The microscopic shapes were fuzzy, boxlike, with tiny lumps that could be arms and levers, crystalline cores that must hold some kind of controls. There seemed to be half a dozen different designs, modifications in the number of flagella, the size of the core. Larger substations were scattered throughout the structure, like control centers.

Celeste pulled up a chair and rocked forward, gripping the arms. “Jason, you need to destroy that sample. Before it gets loose.”

“It’s inside a lead-lined vault.” Dvorak looked puzzled.

“Now!” she said. “Lead won’t stop them. Once they finish taking apart the regolith sample and the debris from the recovery canister, they’ll start dismantling the inside of the shielding wall, atom by atom, to keep reproducing.”

As Dvorak hesitated, General Pritchard stepped into the transmission area and raised his voice. Good, she saw that Pritchard at least had grasped the nature of the threat immediately. “Dvorak, you saw what happened to your hopper and to those three people—and if these things can dissolve an entire spacecraft, they can sure as hell eat through a lead wall.”

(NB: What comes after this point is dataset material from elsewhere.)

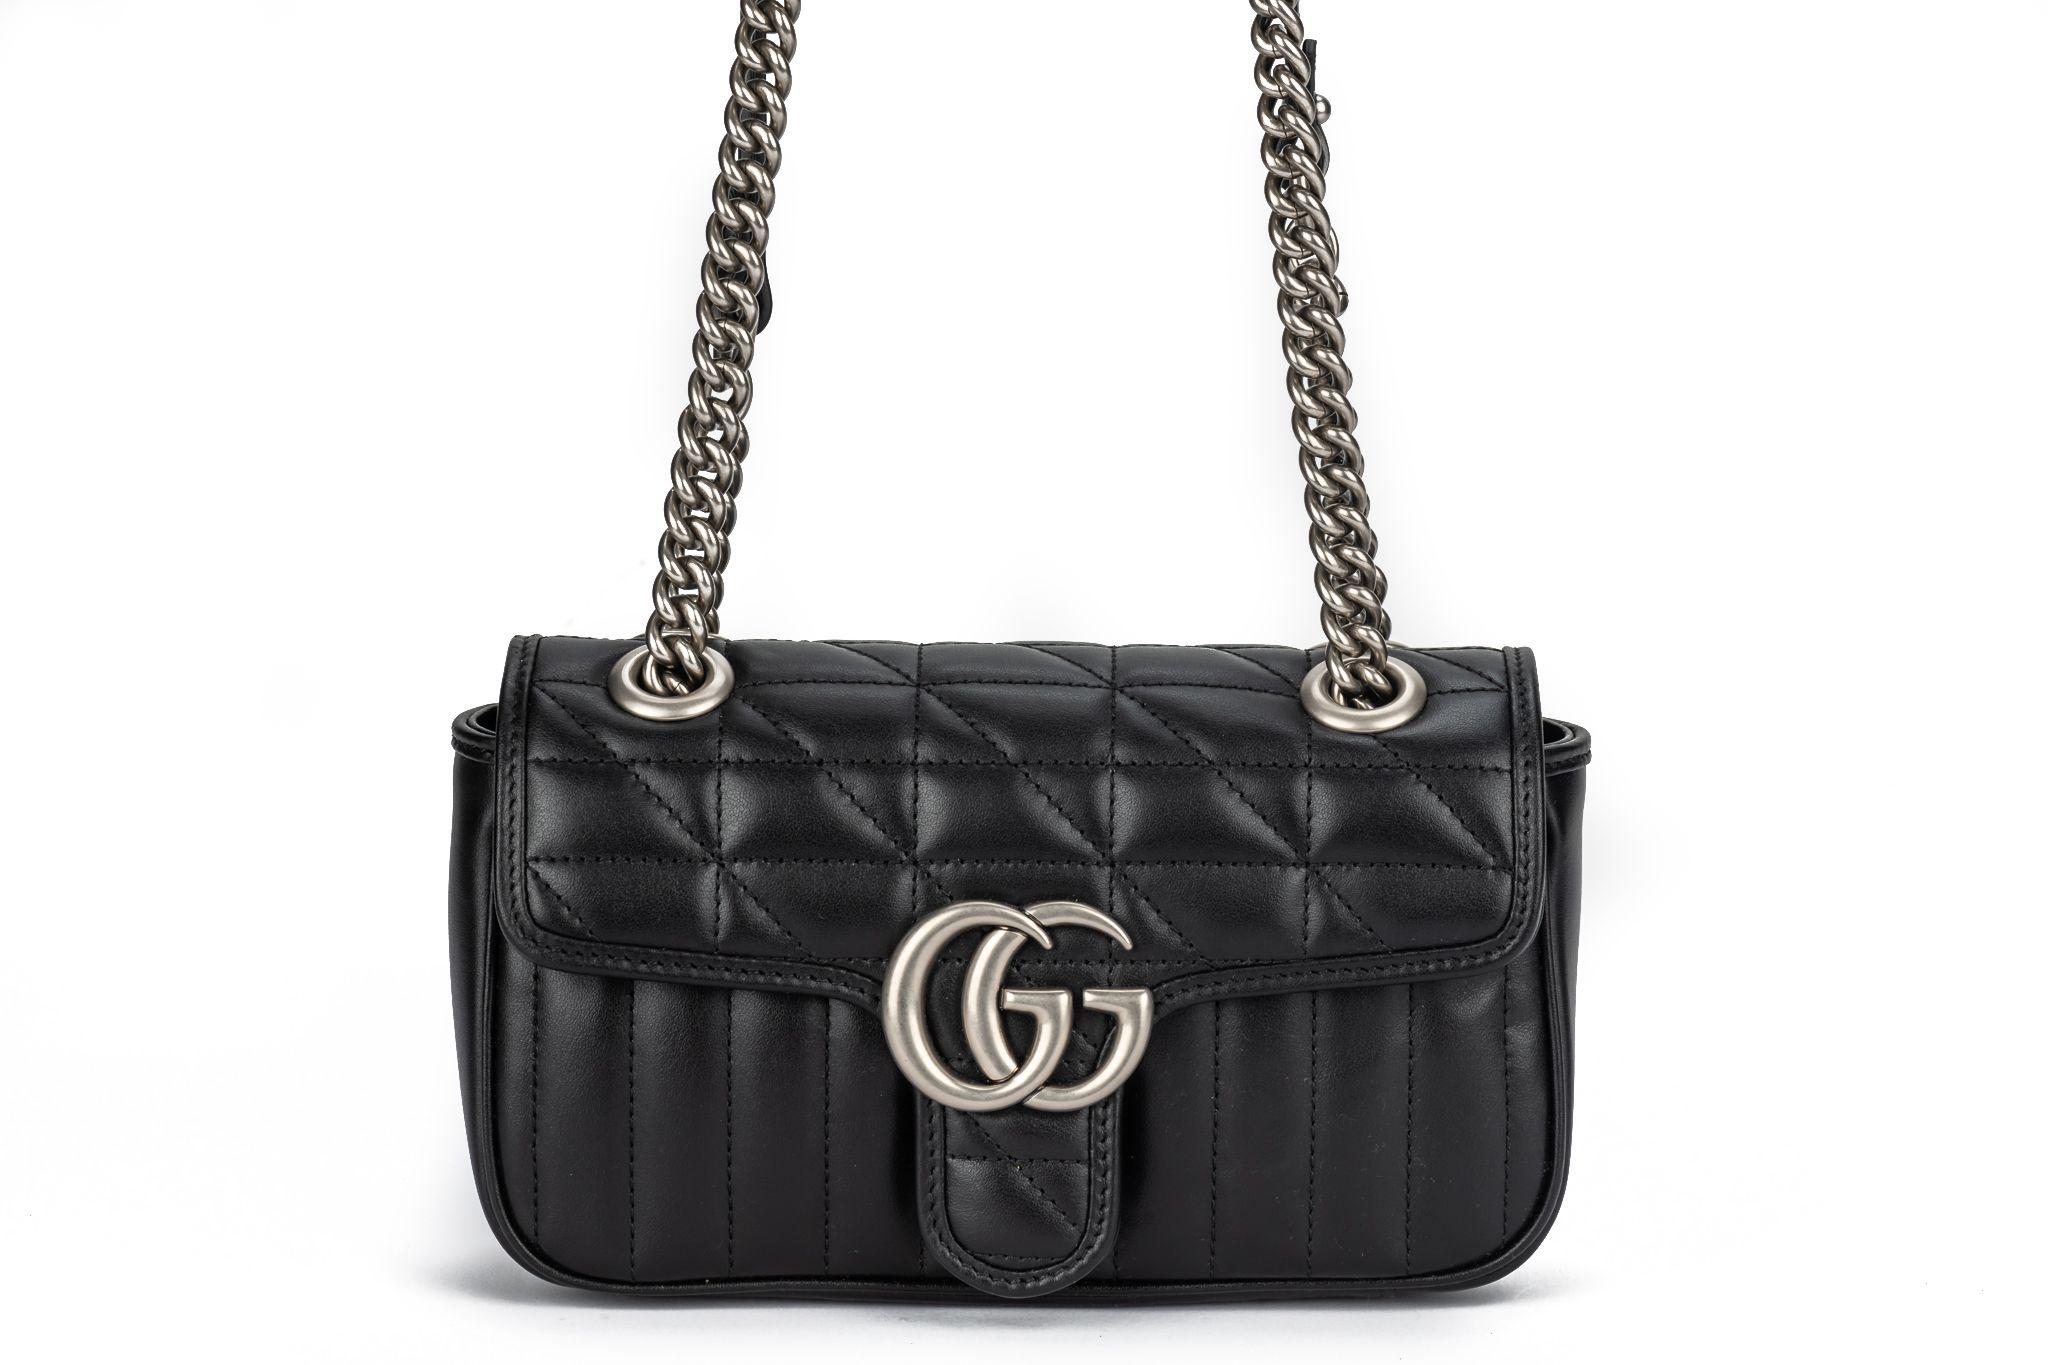 Black Gucci New Marmont Small Shoulder Bag For Sale

Celeste made her voice placating. “Jason, we can’t lose Sim-Mars. We need to alter our plan of attack. You can get another sample later—once we’ve sent you some help. Now at least I know what type of expertise you need. And I know exactly where to get it.”

It took longer than the two-second light delay for Dvorak to show his approval. “Okay,” Dvorak said. He directed Newellen to flood the interior of the shielded vault with a decontamination burst.

General Pritchard turned to her. “I can see it, but I still don’t understand it. How did you recognize this? What are we looking at?”

“Nanotechnology,” she said to him again, but she knew Dvorak and the entire moonbase crew were listening as well. “Tiny self-replicating robots that can build or take apart just about anything, one molecule at a time. They’re assembling that enormous construction at Daedalus.”

Her voice felt cold in her throat. “And these aren’t anything we developed. Nothing from Earth.”